What Microsoft needs to buy, industry watchers agree, is the type of exclusive game franchise that propels console sales. The success of PlayStation, which is universally regarded as the less powerful and technologically advanced console, is often linked to Sony's wide array of popular games that are unavailable in other formats, such as the Grand Theft Auto series. Midway's games are currently available for all three major consoles, Xbox, PlayStation and Nintendo Co.'s GameCube.
In fact, PlayStation commands a 67% marketshare in the United States, selling 13 million units in the first 11 months of 2002. Microsoft's Xbox holds an 18% share, with 3.5 million units sold in the same period, according to data provided by Wedbush Morgan.
"Everybody says Xbox's problem is that it lacks viable exclusive franchises," says Todd Martin, chief analyst at investment firm Robert Coates Group in Lake Forest. "Well, Midway has two or three great franchises that aren't reflected in the (stock) price. . . . Mortal Kombat could be the Grand Theft Auto for Xbox."
(Grand Theft Auto, the industry's best-selling game, urges players to "own the city" by providing a richly detailed landscape — the sun moves with the time of day, the radio stations in the car range from talk to hip-hop — in which they can wreak as much havoc as possible.)
Midway declined to comment about a possible sale, but a spokesman acknowledged that the company's heavy investment in character-based adventure games such as Dr. Muto, Defender and Haven: Call of the King had paid scant dividends.
And the sting of losses associated with those games has been particularly sharp this year because Midway disbanded its arcade business in March, leaving the company solely dependent on revenues from its console-game sales.
Midway's troubles — a sagging stock price, a string of earnings setbacks, and a series of disappointing product launches — represent "a familiar refrain among the have-nots of the video game publishing community," writes industry analyst Edward Williams of Gerard Klauer Mattison, a New York-based securities firm, in a recent research note.
Potential suitors
Midway has been the subject of takeover rumors before. Last summer, Business Week reported that Japanese software giant Sega Enterprises was interested in making a bid.
And Mr. Martin speculates that Midway could also draw interest from Sony or a larger games maker. Nintendo of Japan would probably not be interested, he says, because the company, with a large stable of software designers, has a far better record of developing games internally.

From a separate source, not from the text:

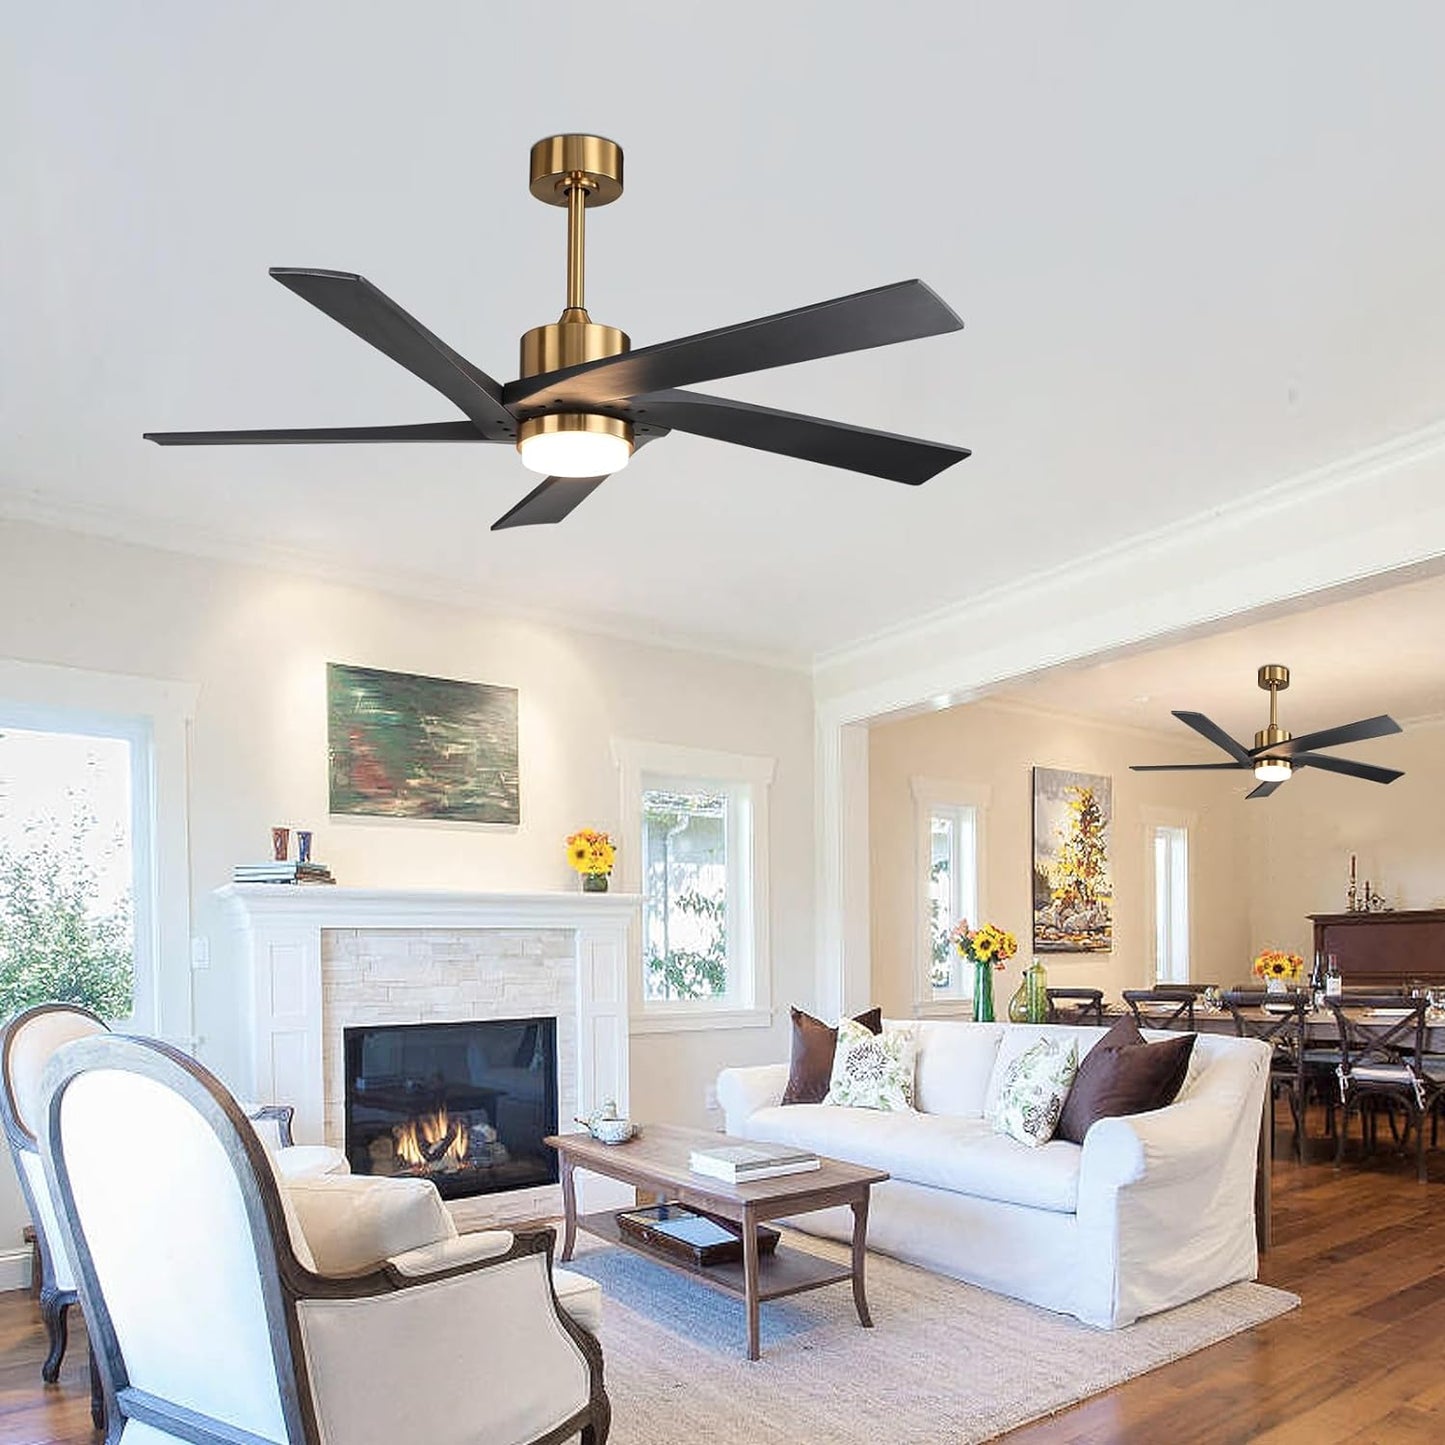 Ceiling Fans with Lights 54 Inch DC Ceiling Fan with Lights Remote Control 5 Reversible Carved Wood Blades Fandelier Ceiling Fan with Light 6-Speed Noiseless Ceiling Fan in Brass Finish with Blades

If Mr. Gates does indeed decide to try his hand at Mortal Kombat, a potential winner would be Viacom Inc. Chairman Sumner M. Redstone, who controls 28% of Midway's shares. (Mr. Redstone's ex-wife Phyllis owns about 8% through their divorce settlement.)
A deal at a premium to Midway's current share price — the stock has sunk to the $4 range — would benefit Mr. Redstone, who has been buying up shares for months.
Mr. Redstone, whose Viacom holdings are worth about $8 billion, has never commented publicly about his intentions for Midway, forcing analysts and investors to speculate about his intentions.
"Relative to his net worth, what Redstone spent on Midway is what you and I spend on a suit, so I wouldn't read too much into it" says Wedbush Morgan's Mr. Pachter. "Of course, if Sumner picks up the phone and calls Bill, Bill probably takes the call."